And then it all came back to him.
He remembered his father, who he was.
Shifting on the bed, he felt a sting in his arm and looked to see that he was hooked up to an IV bag hanging on a bracket over his bed, dripping clear fluid into his vein. He reached over and carefully pulled the needle from the bend in his arm, dropping it onto his pillow. He maneuvered himself into a sitting position and threw his legs over the side of the big bed, letting his feet touch the floor.
He felt different.
Lucas studied his legs, arms, and stomach, not quite understanding what he was seeing. His body seemed harder, more muscular. It reminded him of some of his friends who spent way too much time at the gym.
He saw a mirror across the room and sprang off the bed toward it.
“Oh my God,” he whispered, staring at his reflection. It was like he’d been given a whole new body. He’d always wanted to look this way, muscular and cut, but he’d never had the discipline.
Lucas quickly looked back at the bag of liquid that had been draining into his arm, wondering if there was a connection.

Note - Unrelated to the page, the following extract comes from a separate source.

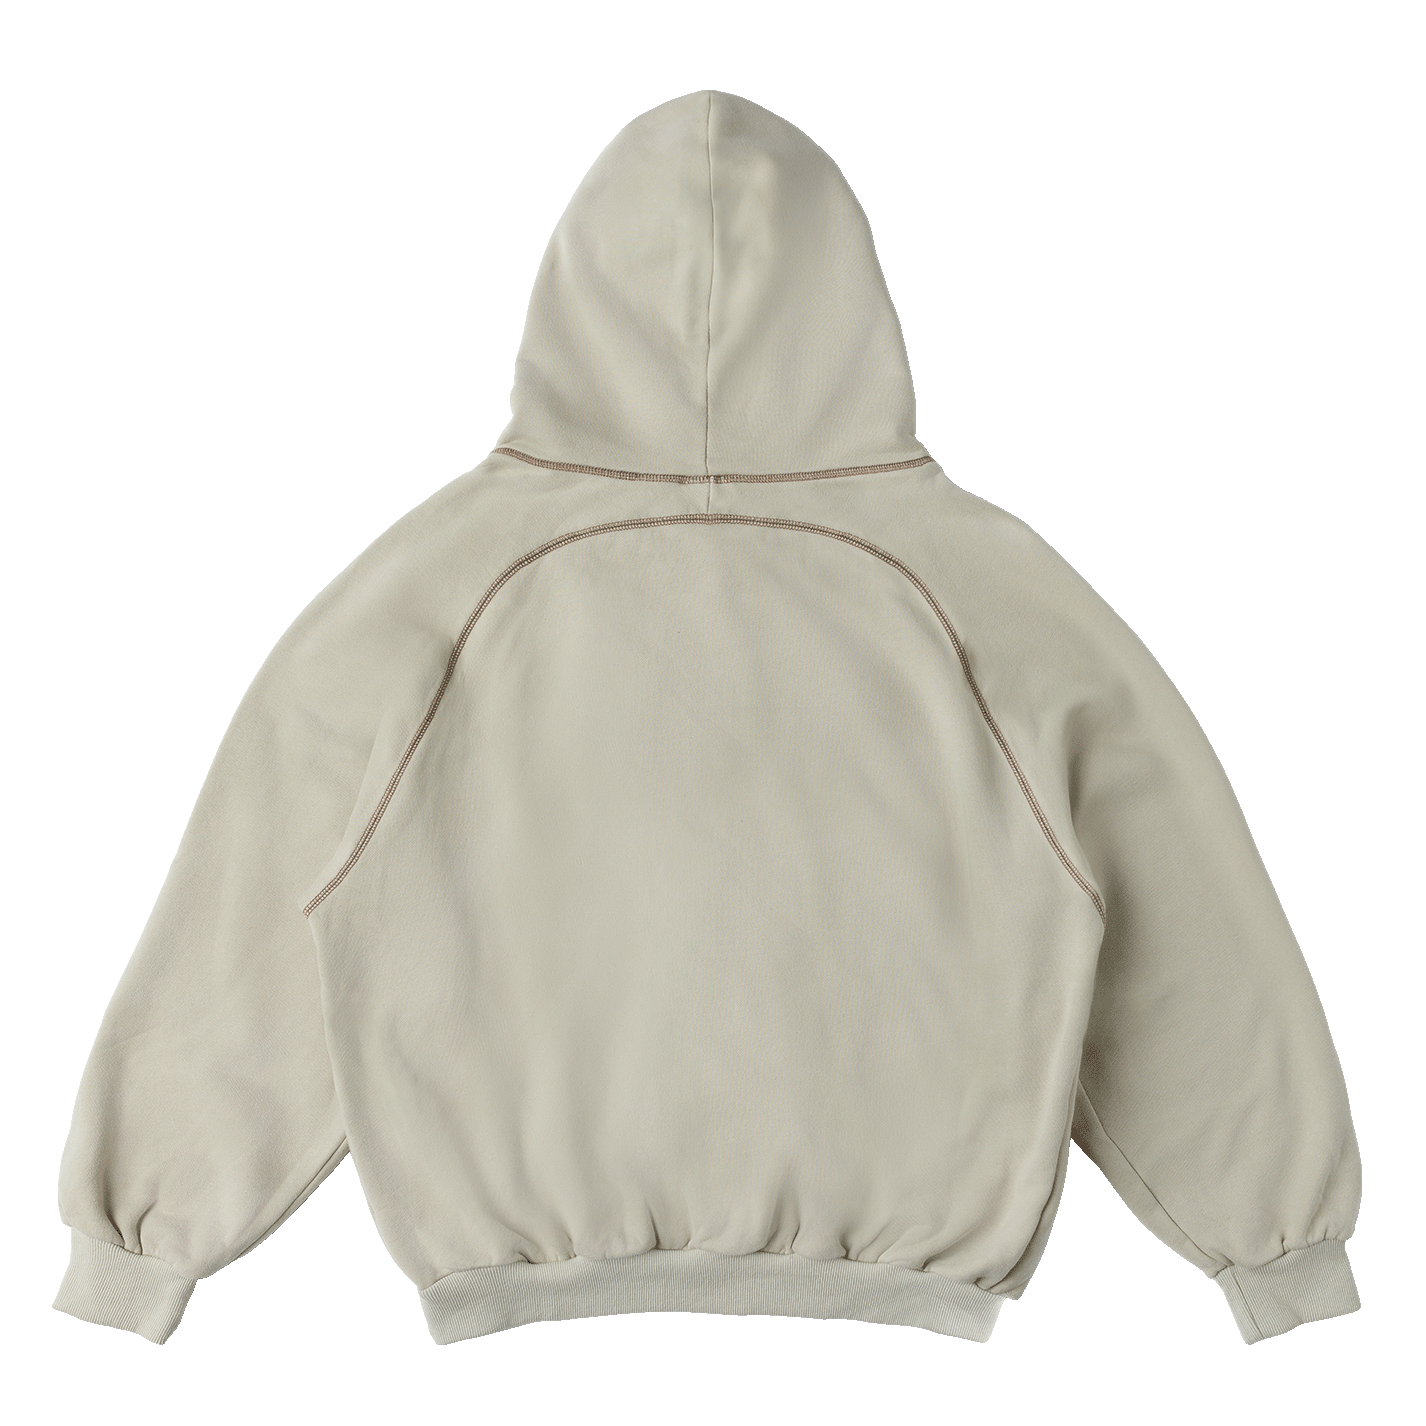 nook hoodie in light back

He decided it was high time for some answers.
A bathrobe and a pair of sweatpants were slung over a wingback chair in the corner of the room. He quickly dressed and went to the closed door. He feared it might be locked, but it wasn’t, and he turned the knob, stepping out of the room into a long, curving hallway.
“Hello?” he called out, his voice sounding strange in the silence.
He walked toward a staircase at the opposite end of the hall and peered over the banister. The house seemed to be enormous.
“Hello?” he called out again, but still got no response.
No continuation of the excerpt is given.